▶ **WHAT THE EXERCISE ASKS**
Excluding pictures, transcribe precisely the lines from the one containing "Résumé rouge croix" to the final line of the listing below, inclusive, and nothing more.

▶ **SUPPLIED DATA**

+++++

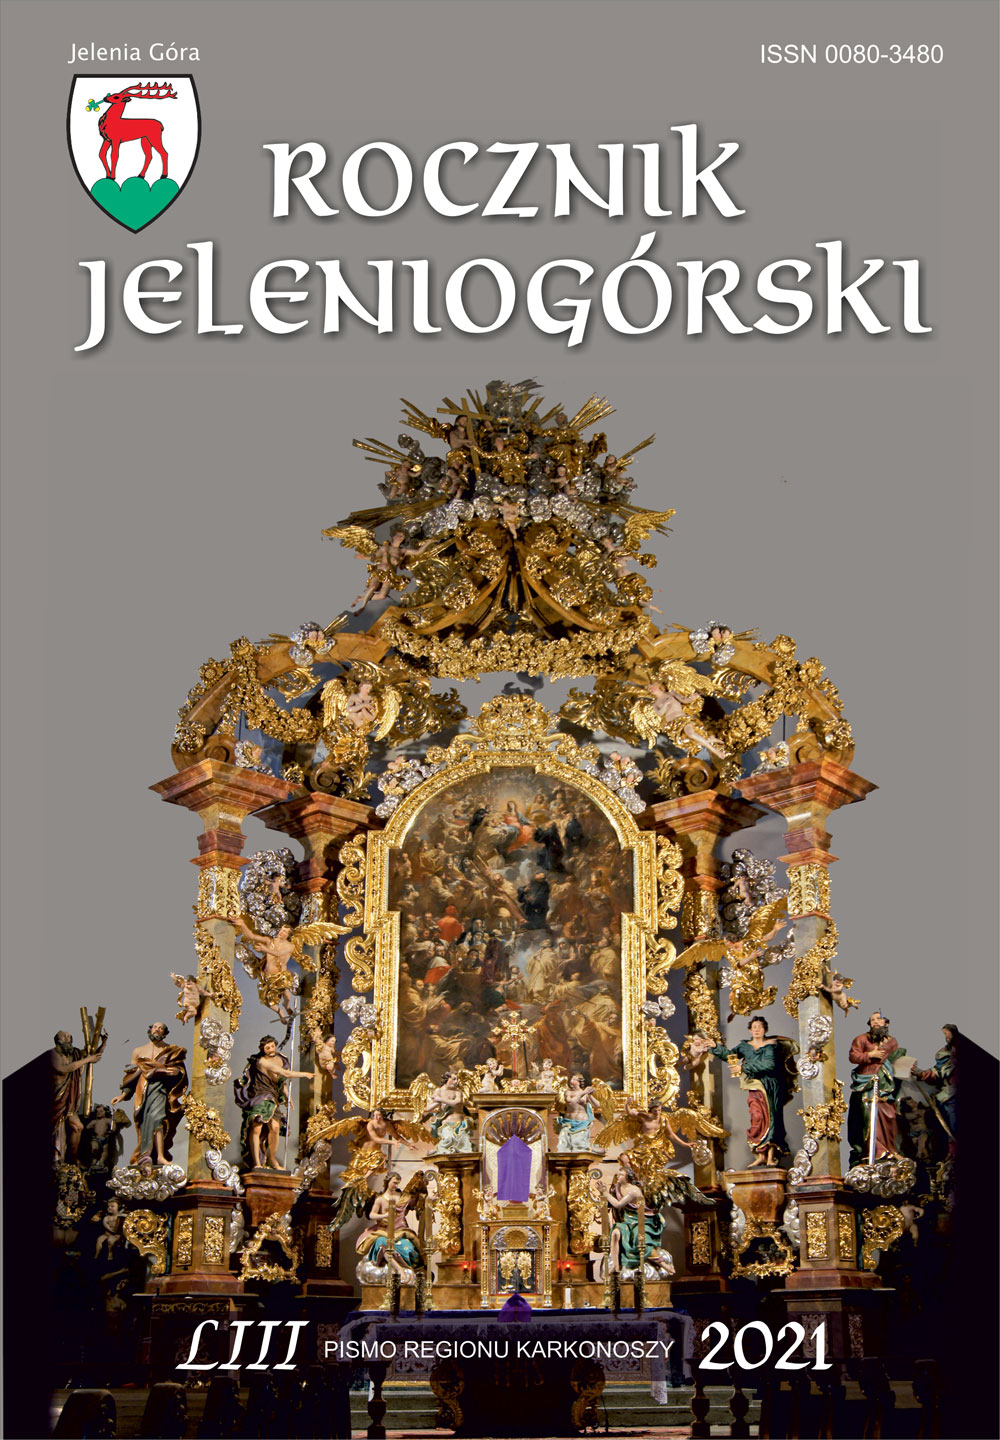 Okładka Rocznika Jeleniogórskiego 2021 przedstawia ołtarz główny w kościele Św. Jana Chrzciciela w Cieplicach
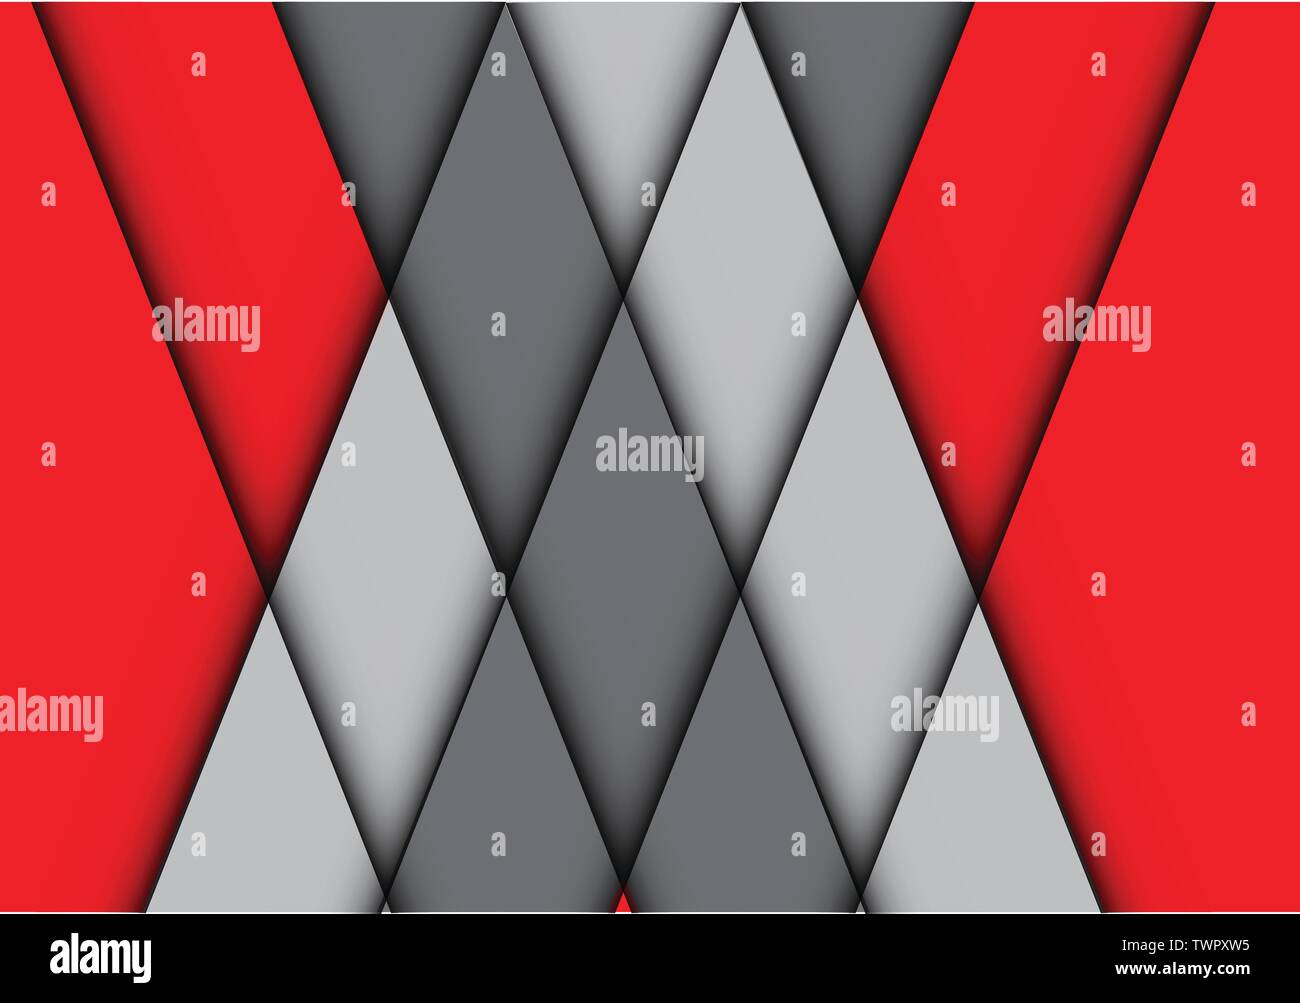 Résumé rouge croix gris en forme de diamant se chevauchent fond moderne design illustration vectorielle. Illustration de Vecteur
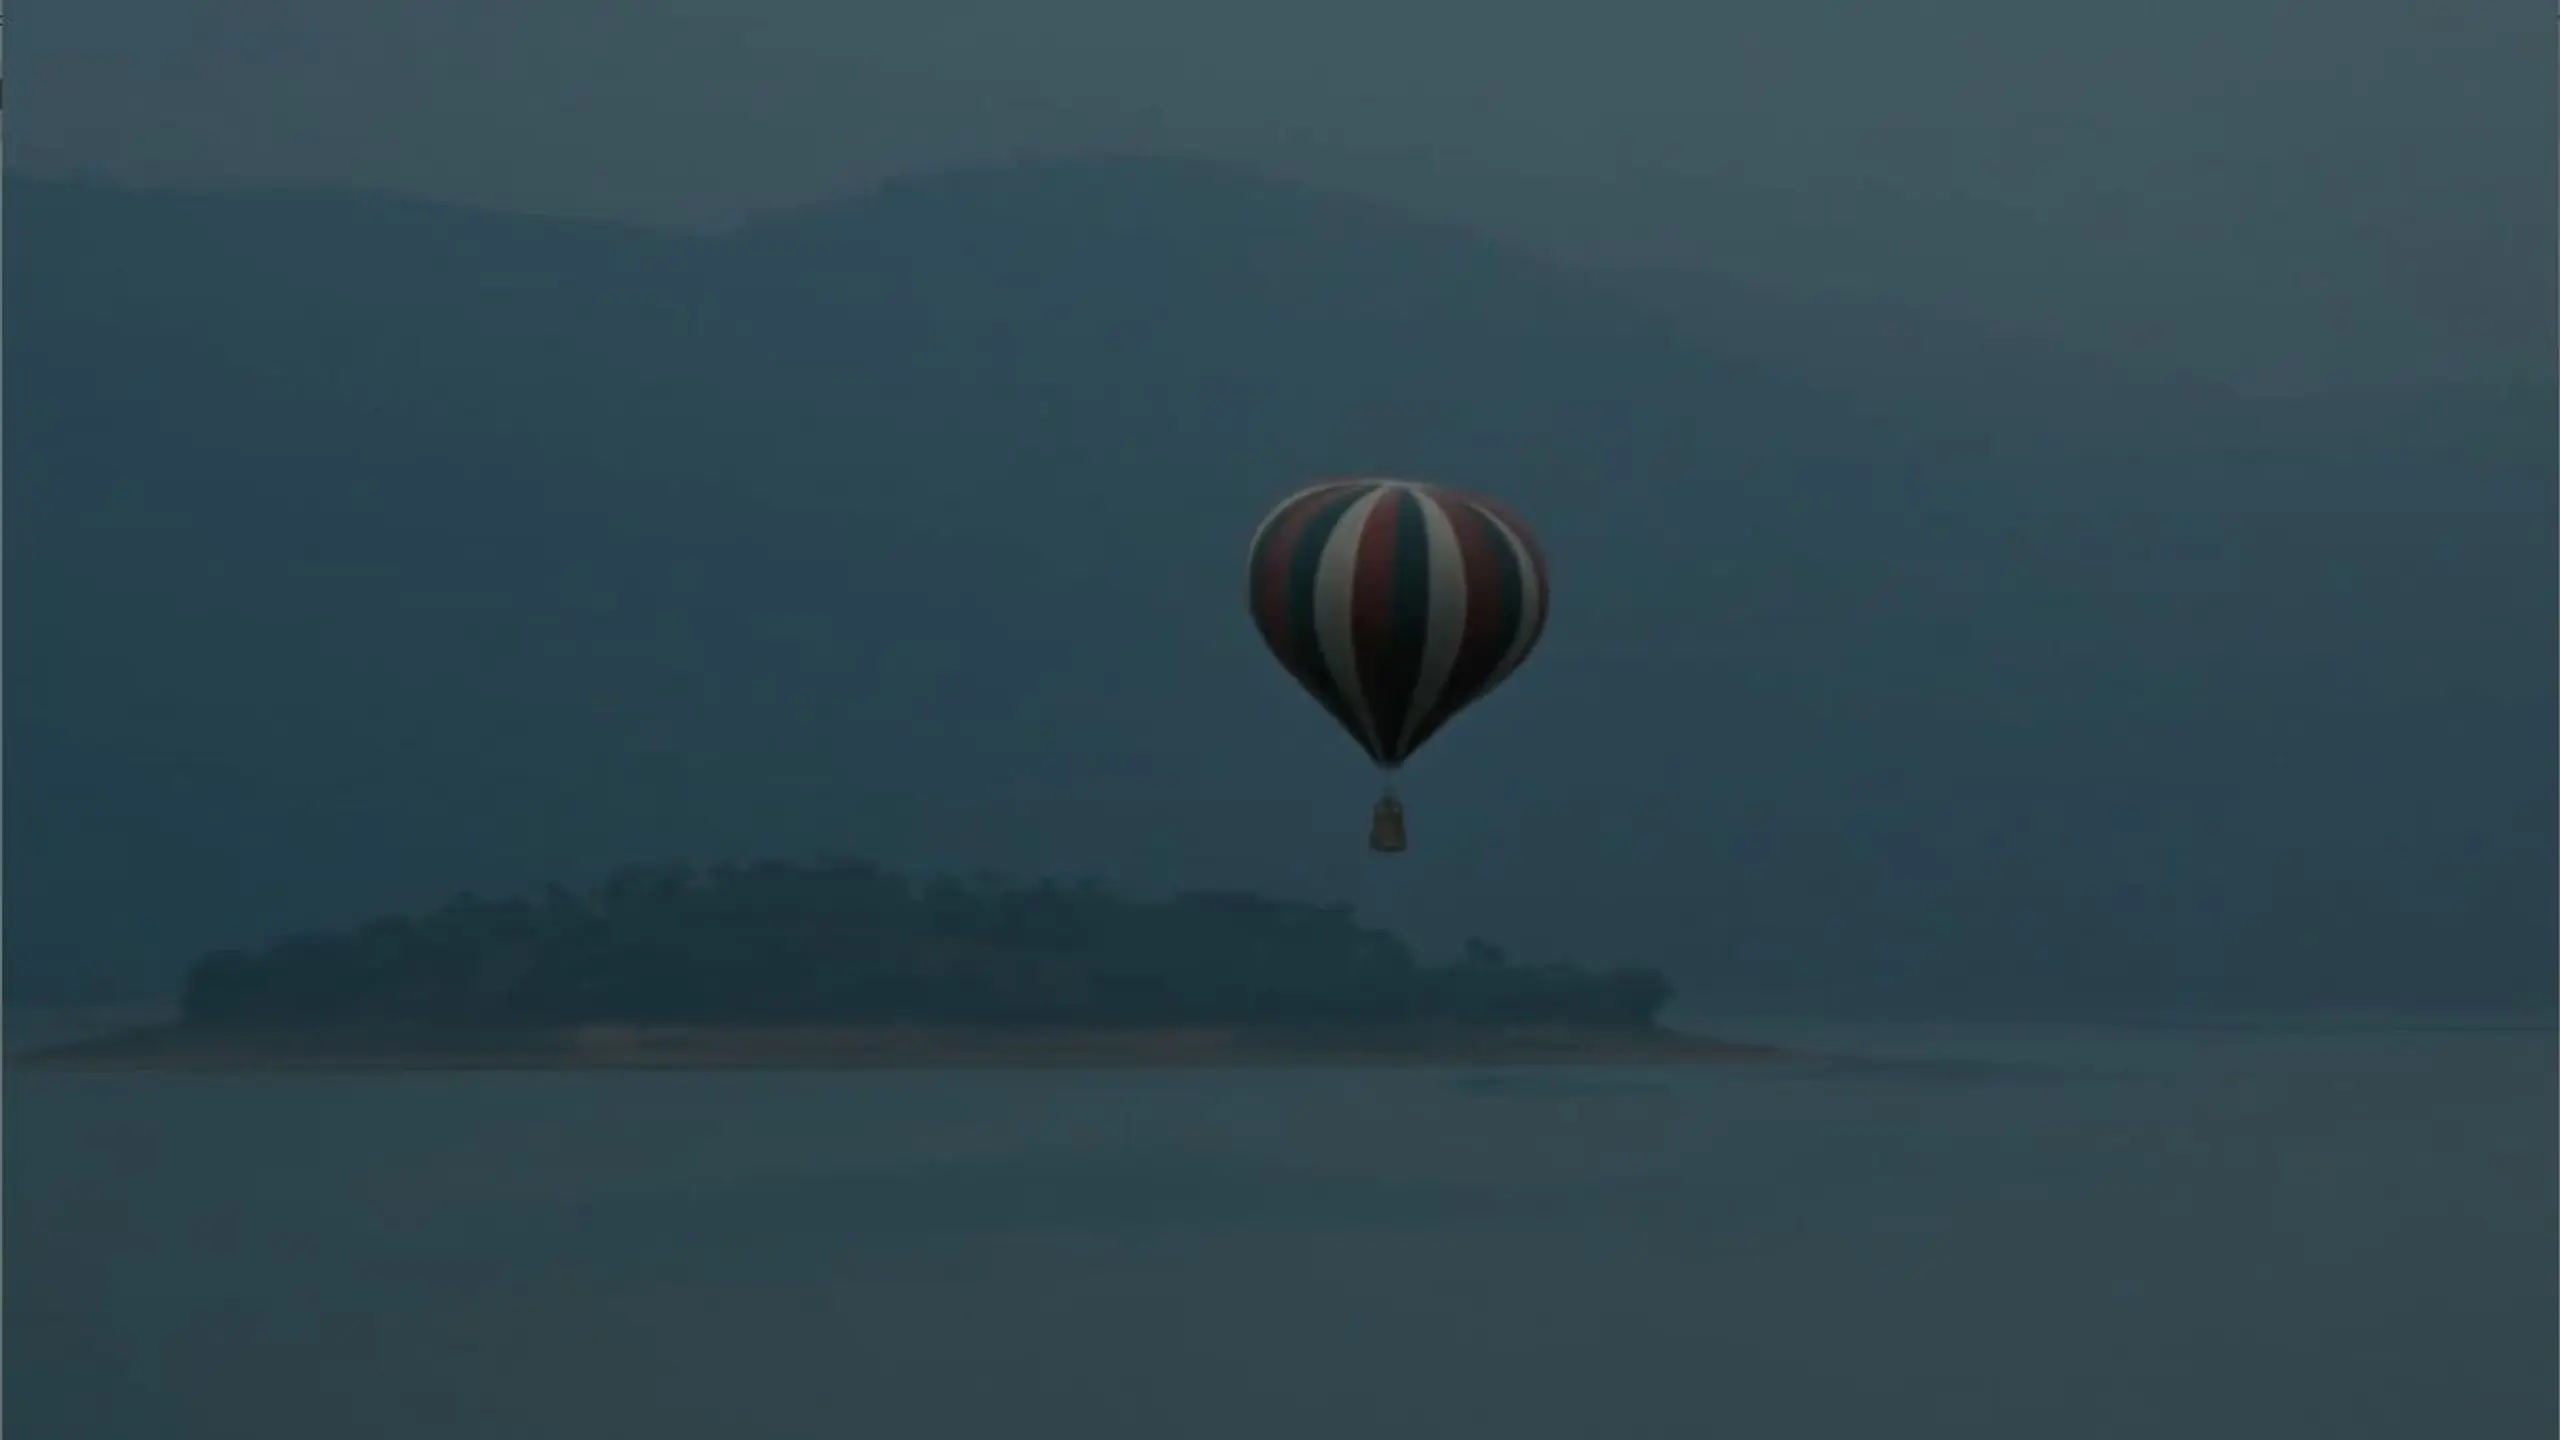 Jules Verne - Die Phantastische Reise im Ballon

+++++

▶ **ANSWER TO THE PROBLEM**
 Résumé rouge croix gris en forme de diamant se chevauchent fond moderne design illustration vectorielle. Illustration de Vecteur
 Jules Verne - Die Phantastische Reise im Ballon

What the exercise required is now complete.